**ABOUT THIS EXERCISE:**
From the line with "Weight: 27 kg." to the final line of the records, reproduce every line exactly and only those lines.
** Opening DATA FOR THIS TASK block **
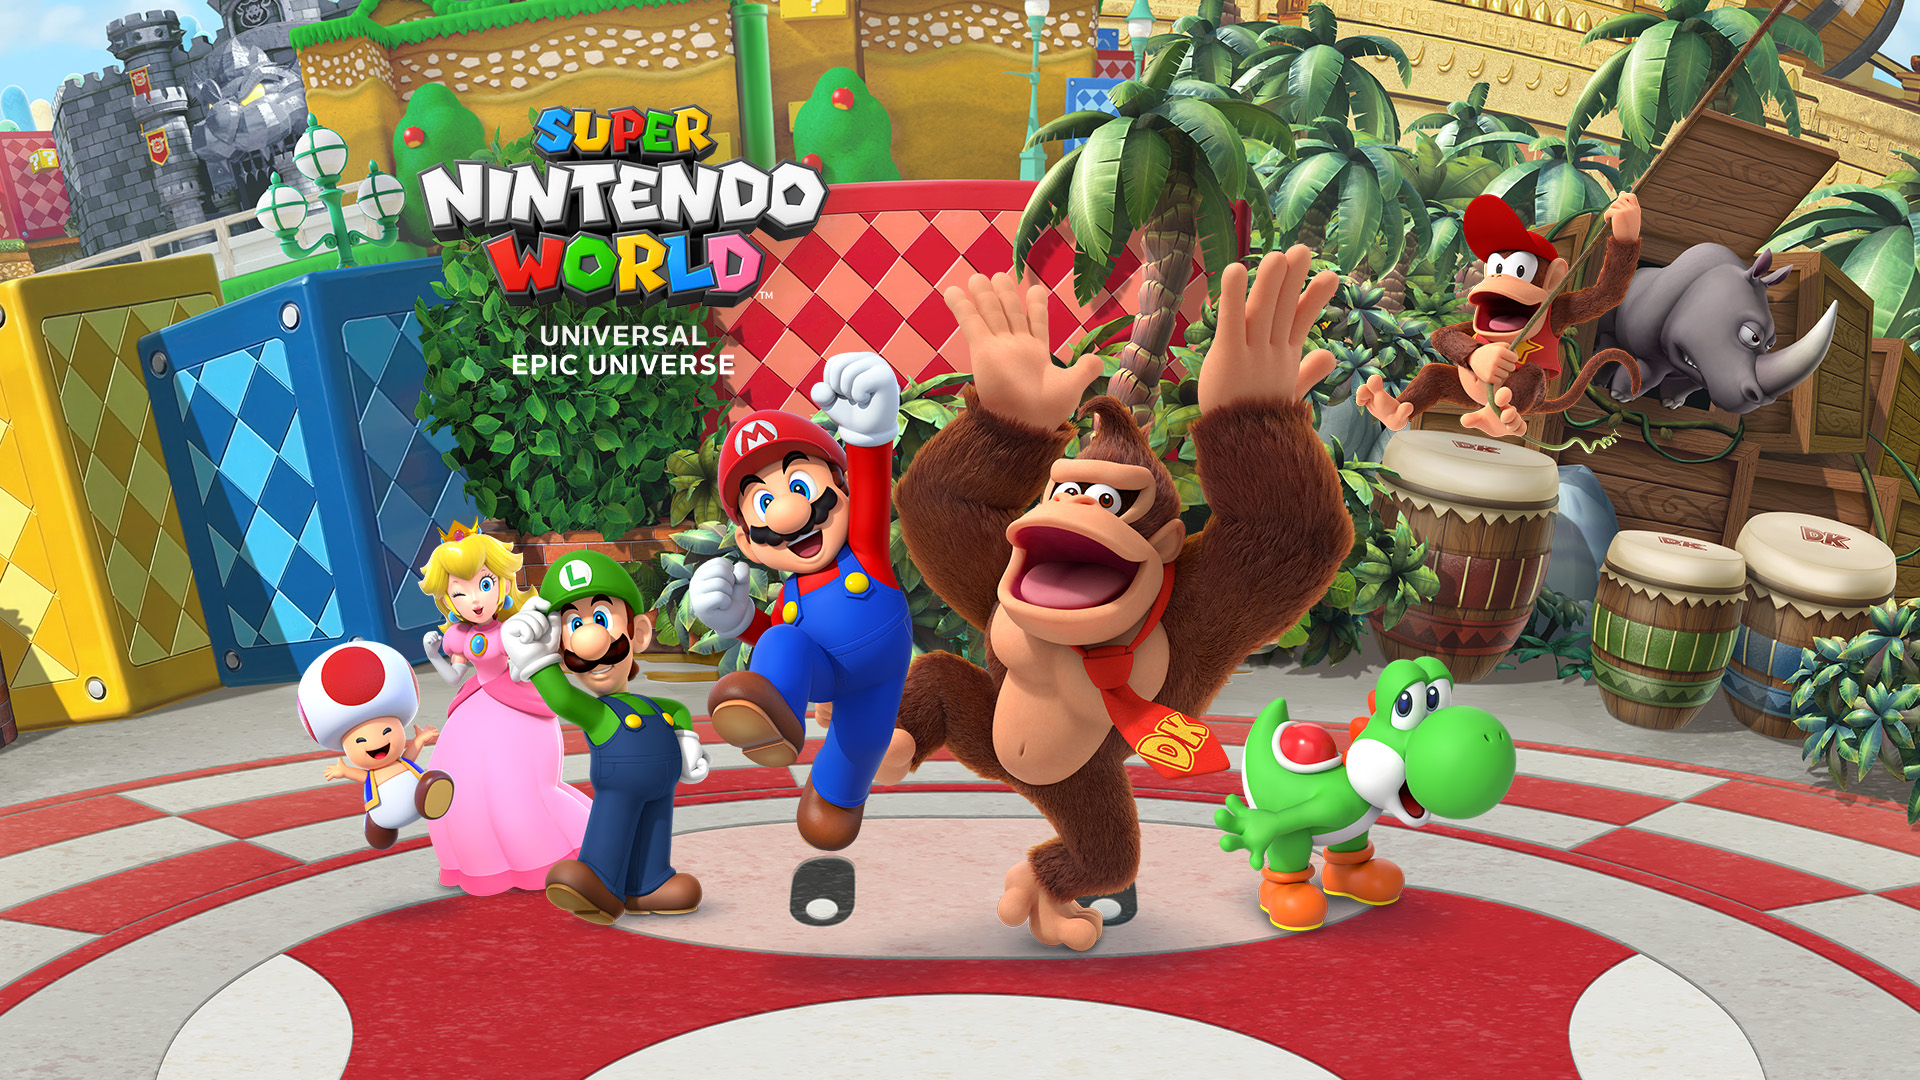 Discover a New Way to Play…Universal Orlando Resort Unveils Exciting New Details About Its Most Colorful and Interactive Experience Yet – Super Nintendo World – Coming to Universal Epic Universe in 2025
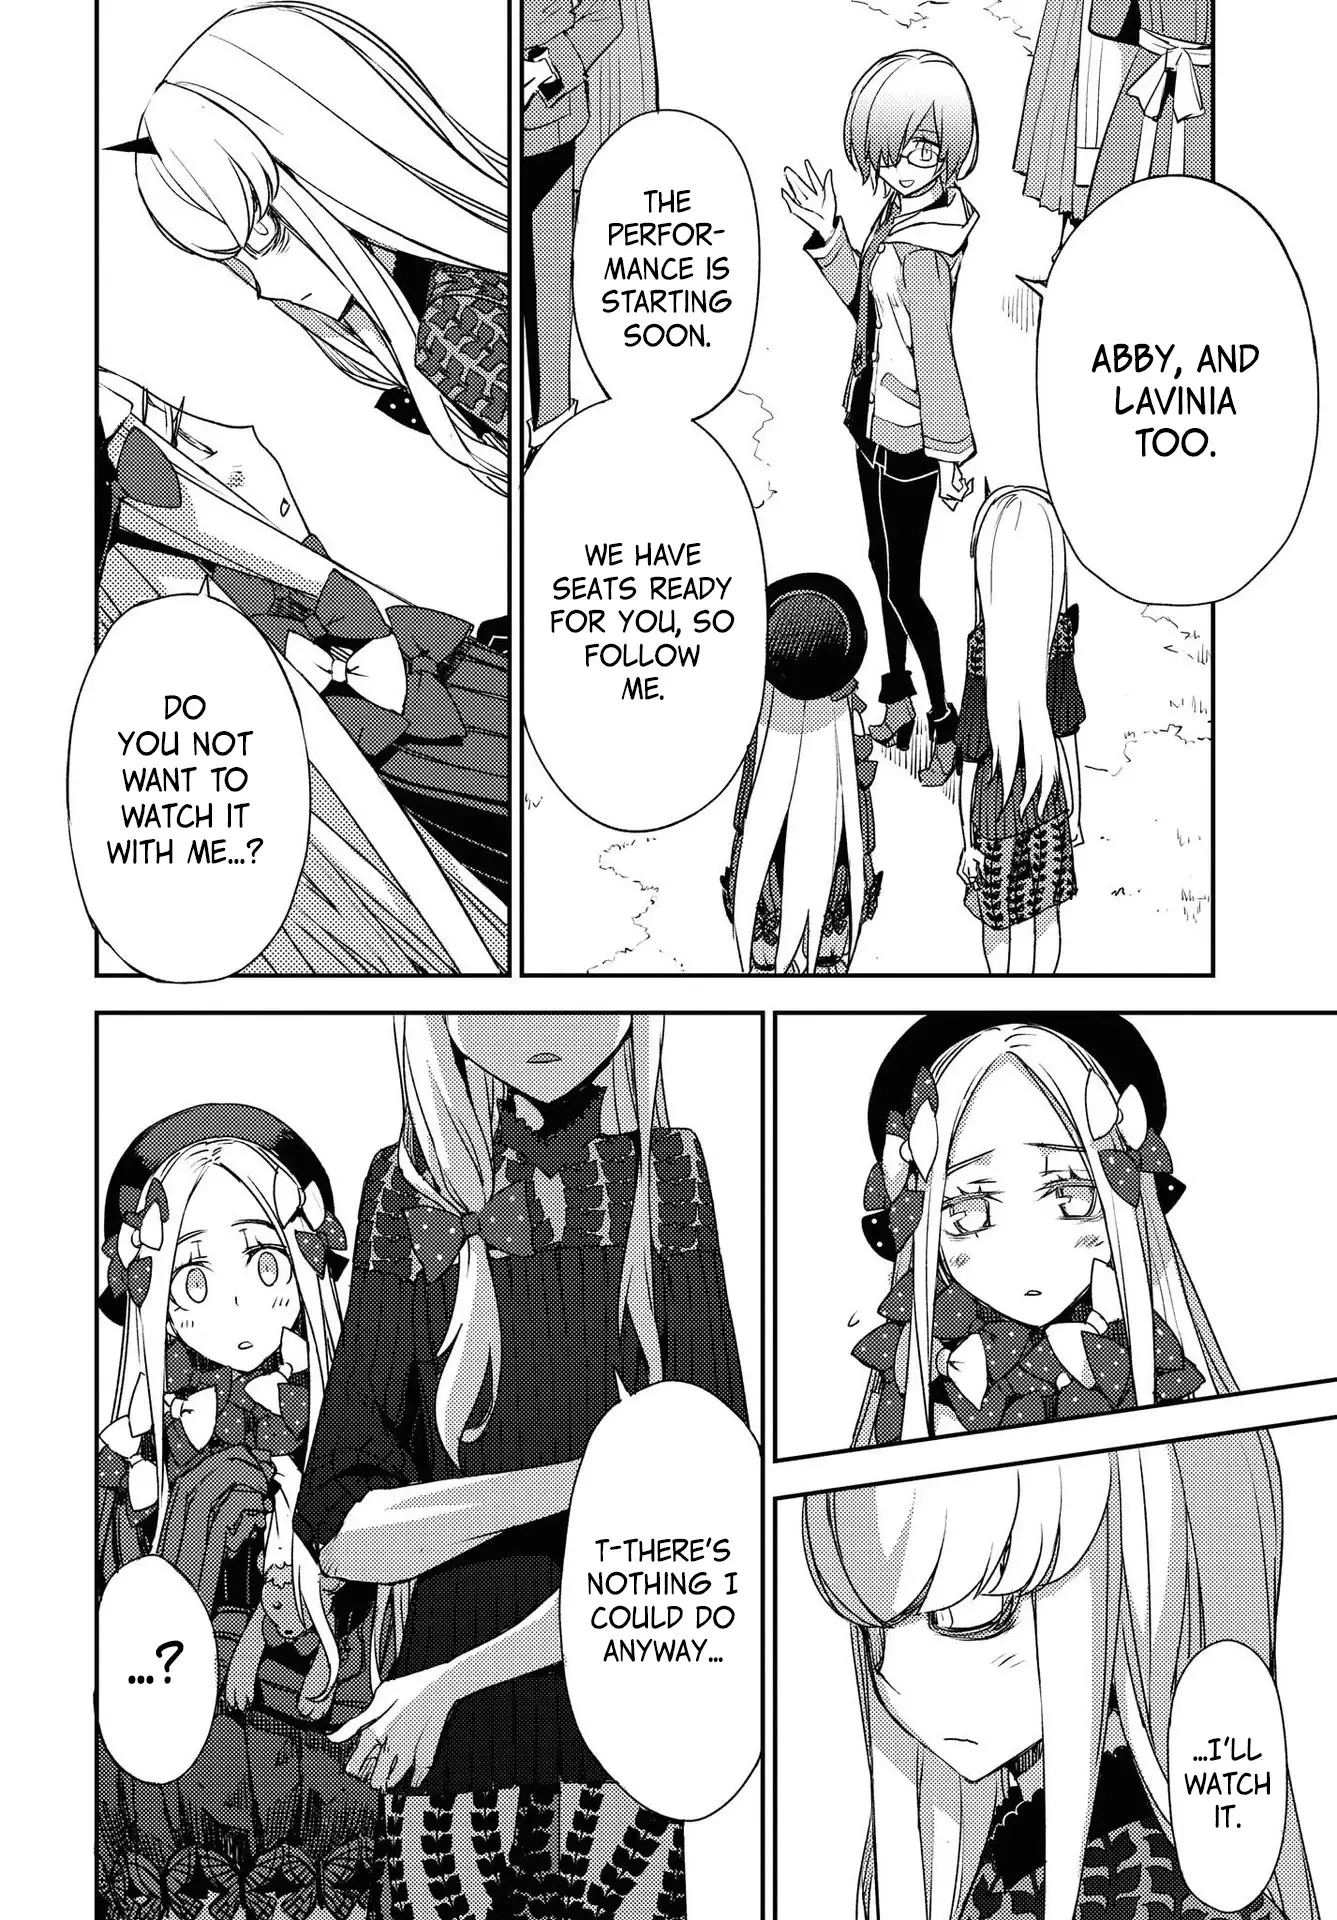 Fate/grand Order: Epic Of Remnant - Subspecies Singularity Iv: Taboo Advent Salem: Salem Of Heresy - 21 page 18-aaa219cb
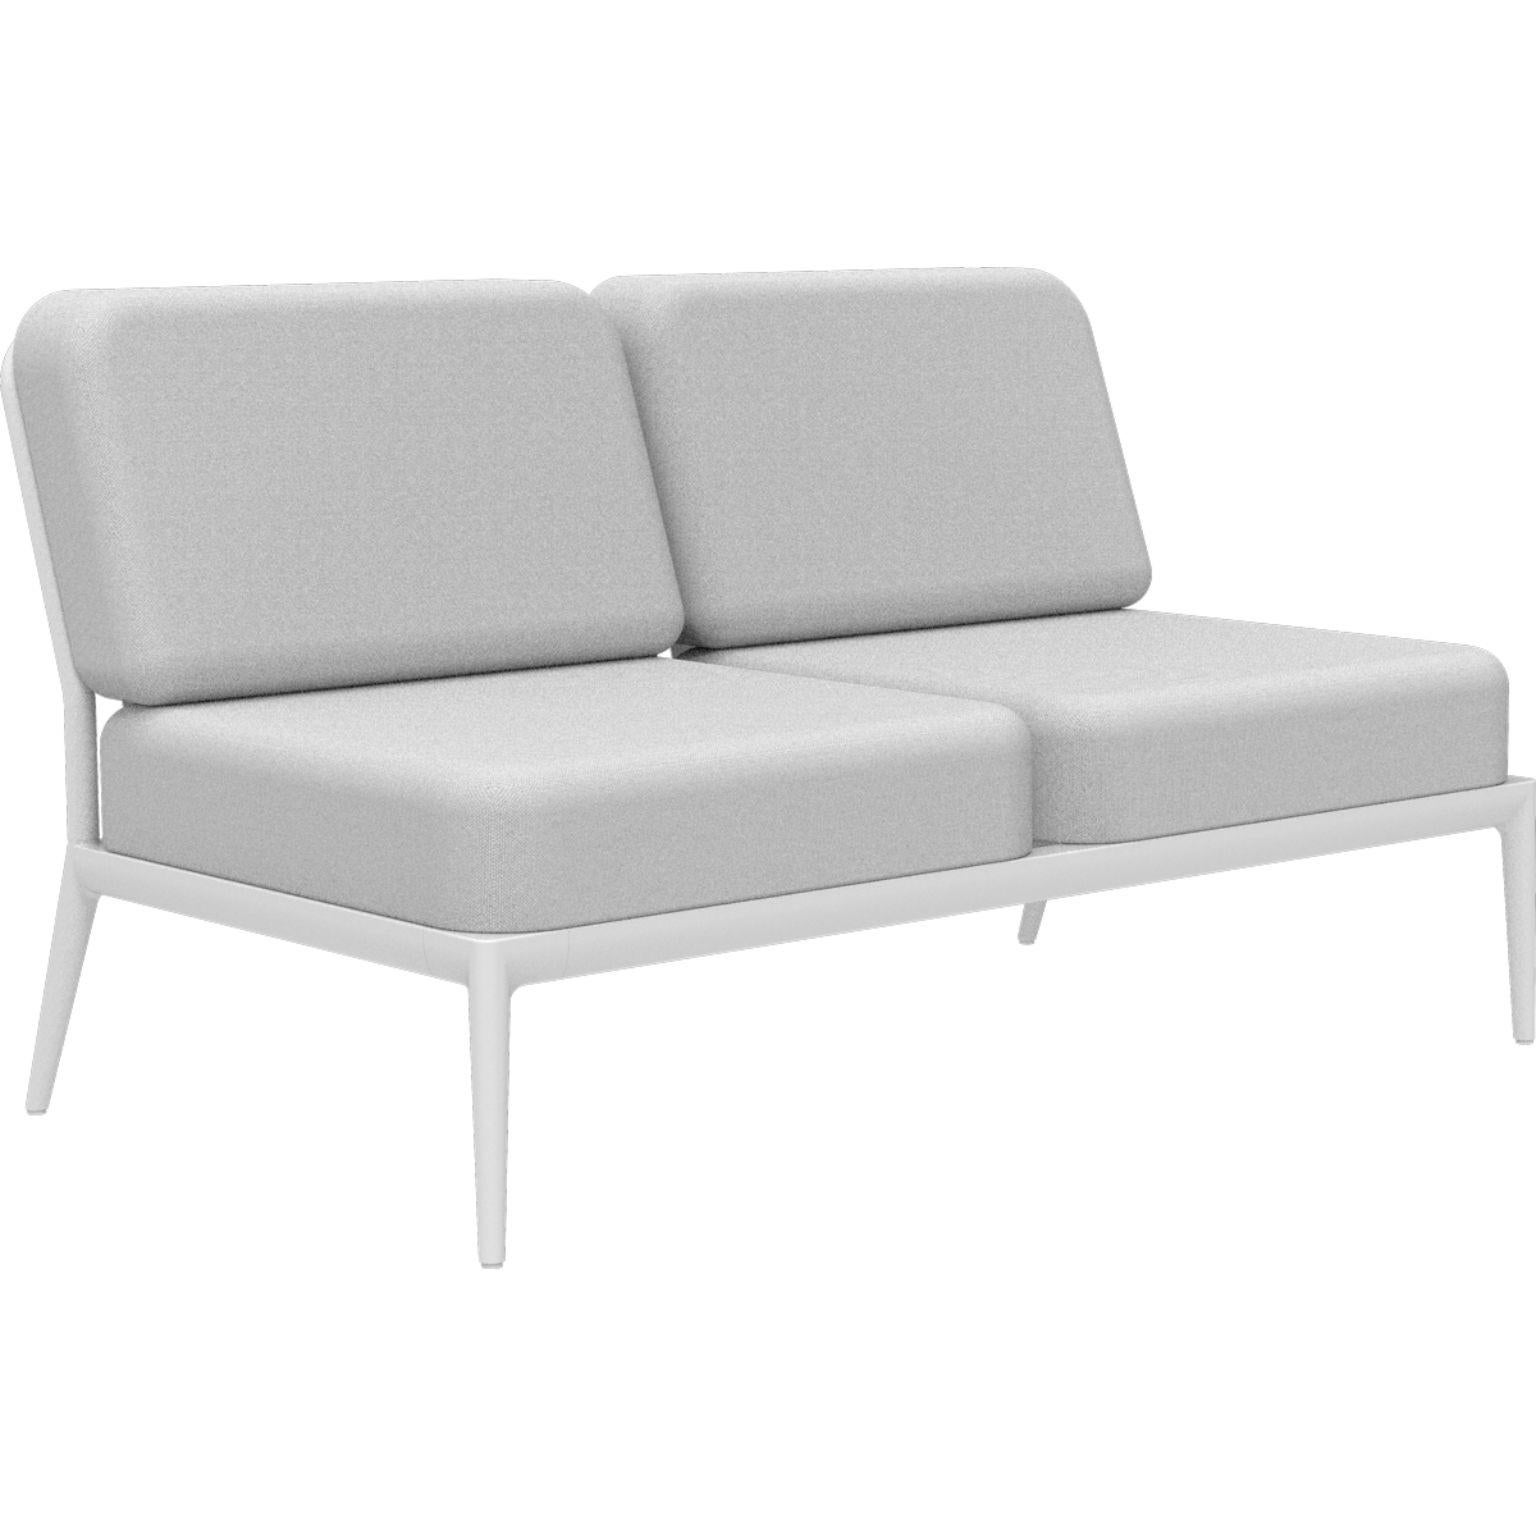 Ribbons White Double Central Modular sofa by MOWEE
Dimensions: D83 x W136 x H81 cm
Material: Aluminum, and upholstery.
Weight: 27 kg.
Also available in different colors and finishes.

An unmistakable collection for its beauty and robustness. A
** Closing DATA FOR THIS TASK block **
**EXERCISE RESULT:**
Weight: 27 kg.
Also available in different colors and finishes.

An unmistakable collection for its beauty and robustness. A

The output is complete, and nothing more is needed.